Poles can't live with Germans, but they can't live without them eitherPoland demanded that Germany pay reparations in the amount of 1.3 trillion euros.
But the Poles are well aware that they will not receive such a sum from Berlin. The point is different, writes the author of the article for Bloomberg. This dispute has revealed the "ailments" that the European Union suffers from.
Andreas KluthWarsaw's demands for the payment of war reparations remind us of what the European Union is sick of.
The day before yesterday, the ruling party of Poland said that Warsaw would require Germany to pay reparations for World War II.
The parliamentary commission named an amount of 1.3 trillion euros, which corresponds to two or three annual budgets of the German federal government. Wow.
Post-war Germany readily repented for its Nazi past, but Berlin would never pay such a sum, and the Poles are well aware of this. However, the matter is different. This gesture of the far-right Polish Law and Justice party says a lot about other ailments that the European Union suffers from.

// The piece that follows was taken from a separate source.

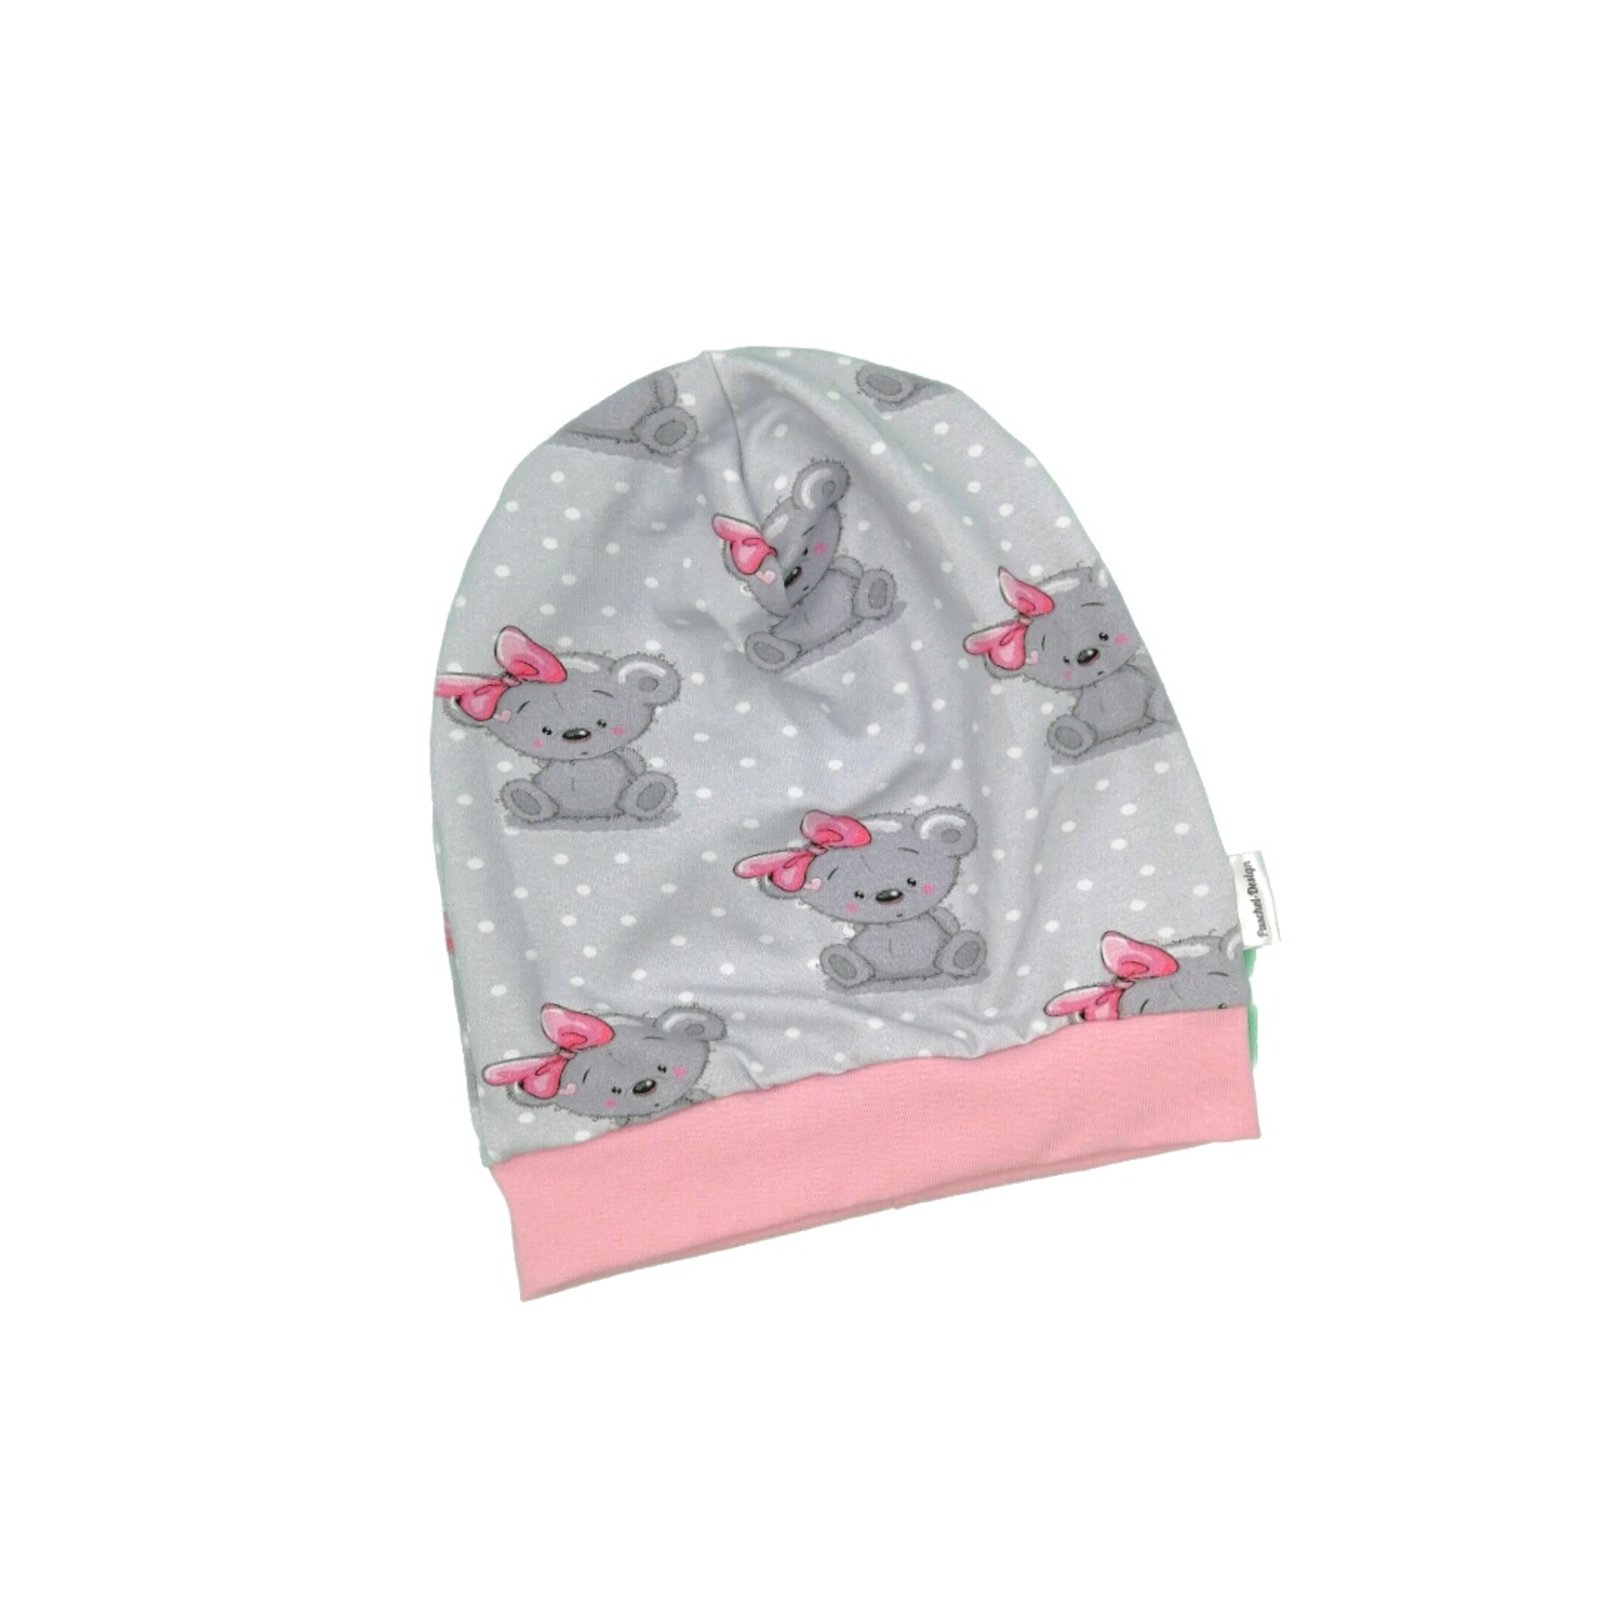 Baby Kinder Beanie Mütze Mädchen Elefant Girl weiß rosa KU 34-54 cm handmade Puschel-Design

Here are some examples. Populism and nationalism are increasing in some member states, which will be especially evident during the election campaign of "Law and Justice" next year. Further, Germany plays a very ambiguous and unconstructive role within the EU, although in theory it should be a leader in it, but either cannot do it or does not want to. The resulting tensions undermine the meaning of the EU's existence, which consists in internal reconciliation, allowing member states to jointly confront external threats, such as an autocratic Russia.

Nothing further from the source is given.